-- Stored data follows --
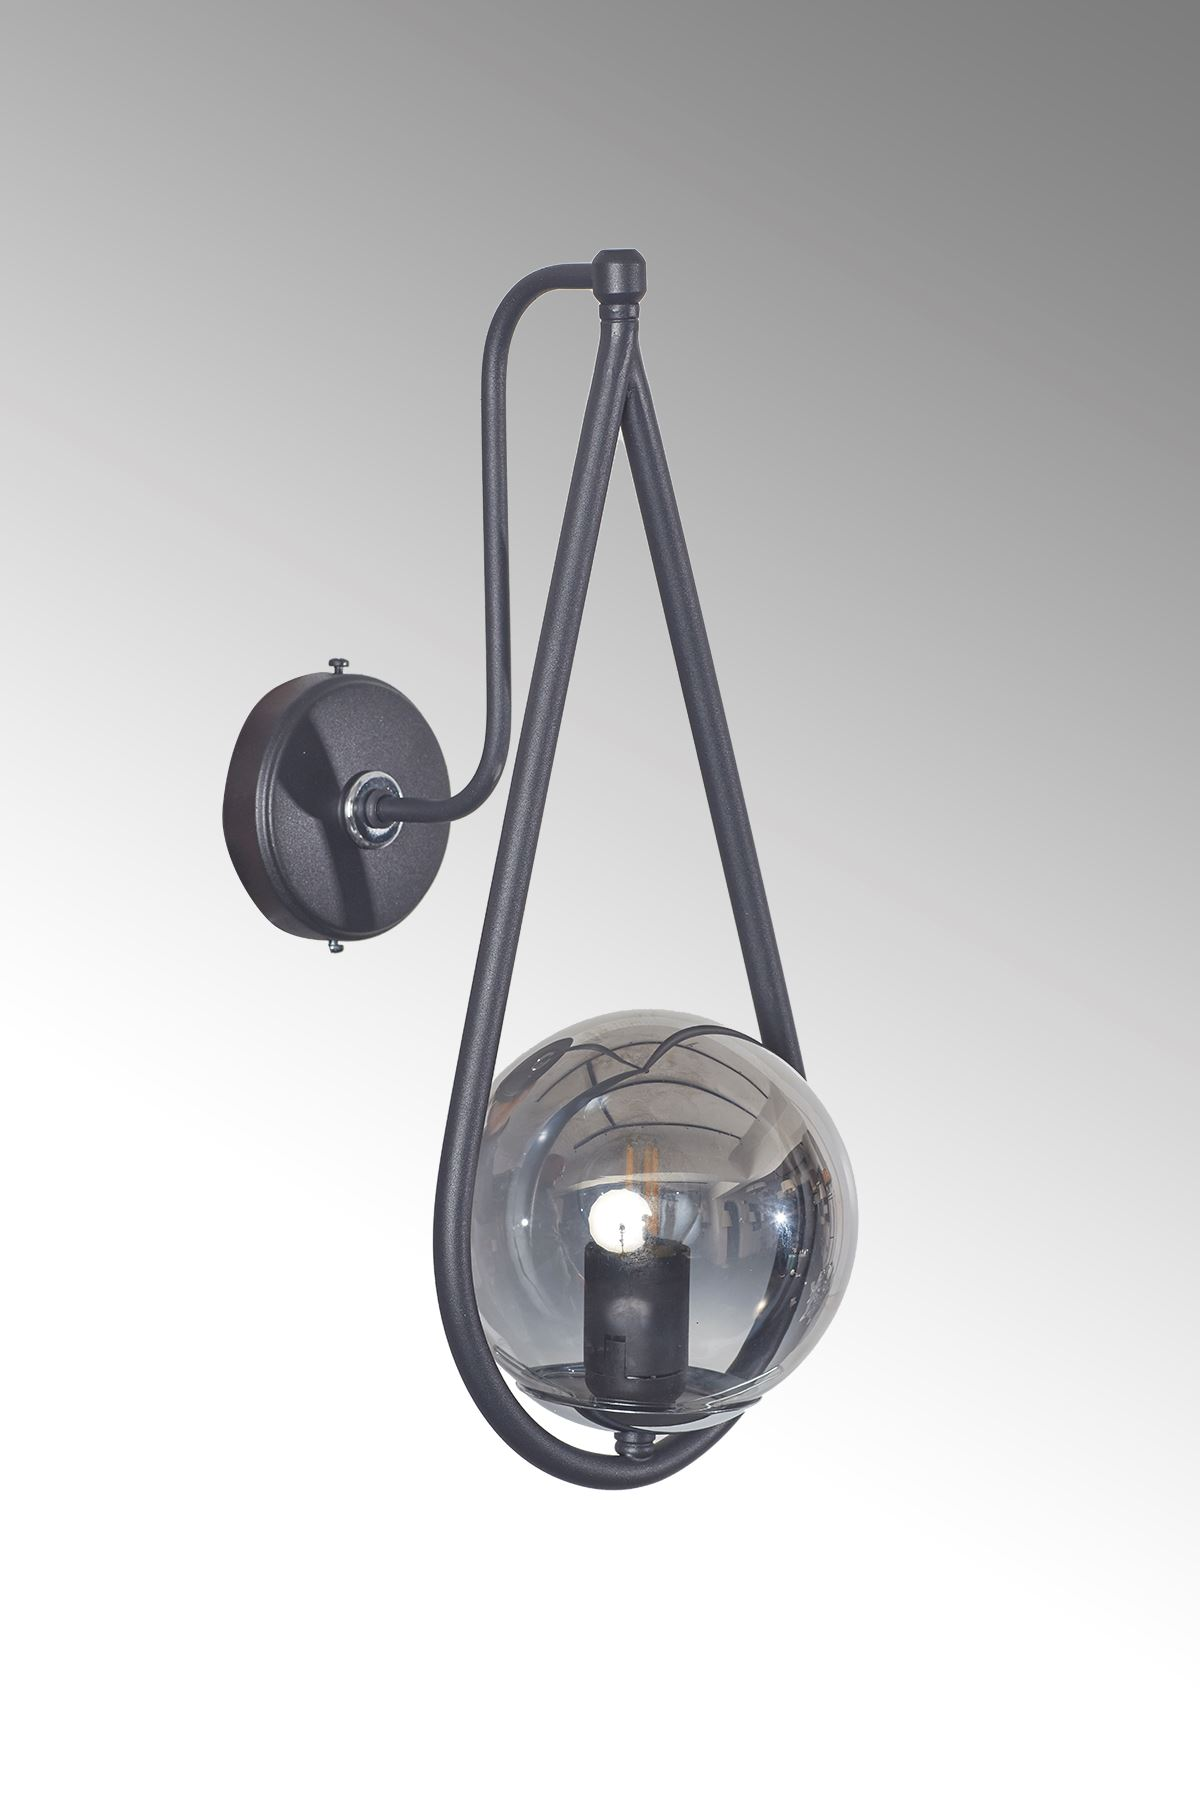 Siena Krom-Siyah Metal Gövde Füme Camlı Tasarım Lüx Aplik
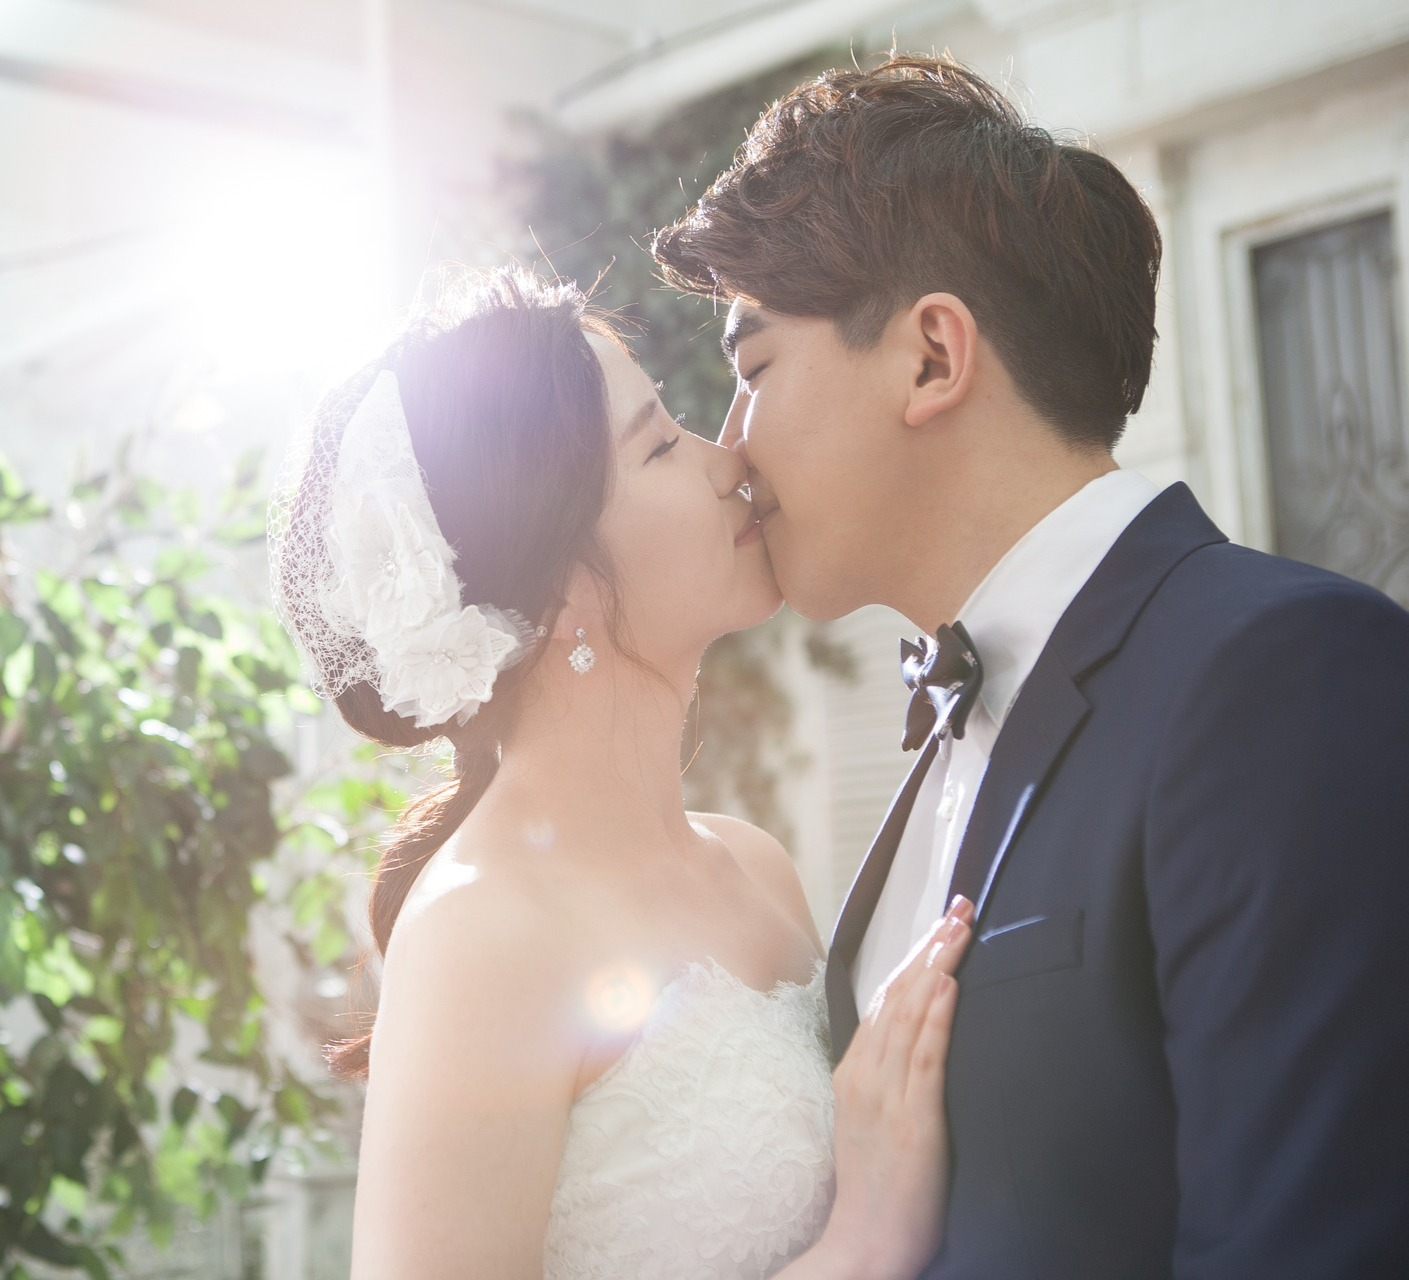 couple-2987453_1920_edited
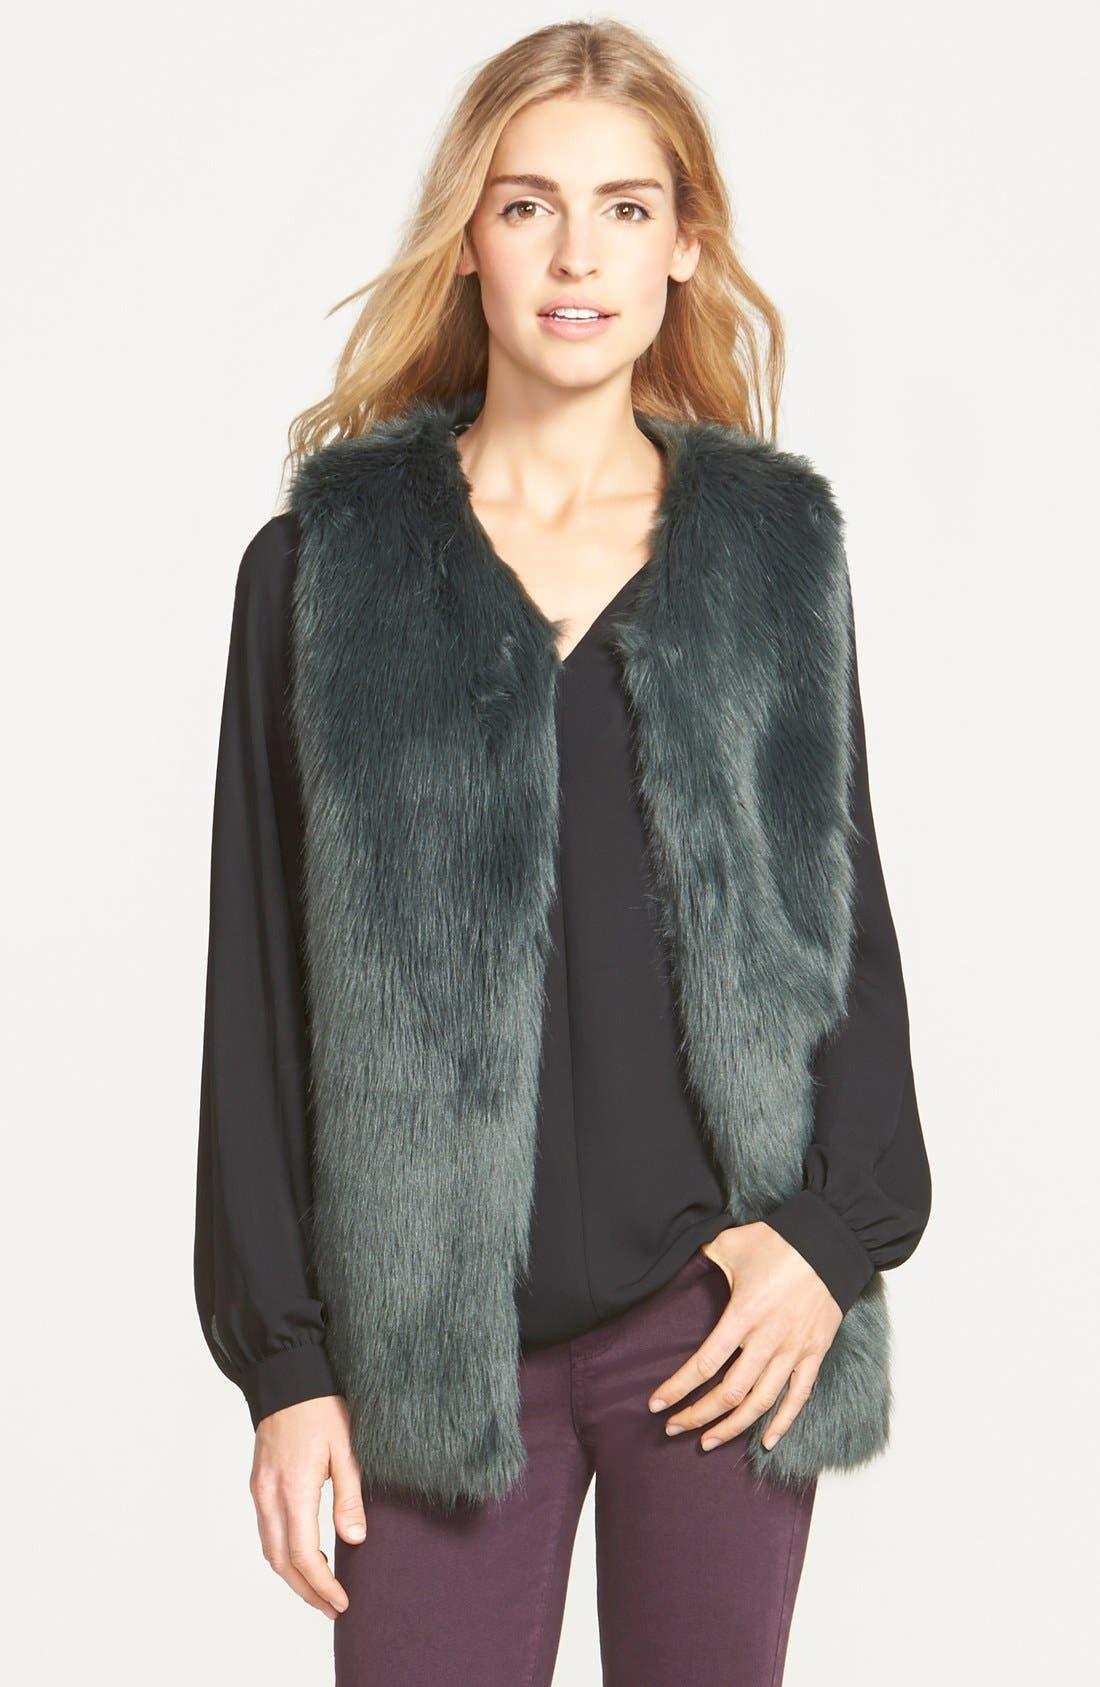 Alternate Image 1 Selected - Laundry by Design Faux Fur Vest
-- Stored data concluded --
— Your assignment —
Leave the pictures out and return the rest of the material exactly.

— Completed task —
 Siena Krom-Siyah Metal Gövde Füme Camlı Tasarım Lüx Aplik
 couple-2987453_1920_edited
 Alternate Image 1 Selected - Laundry by Design Faux Fur Vest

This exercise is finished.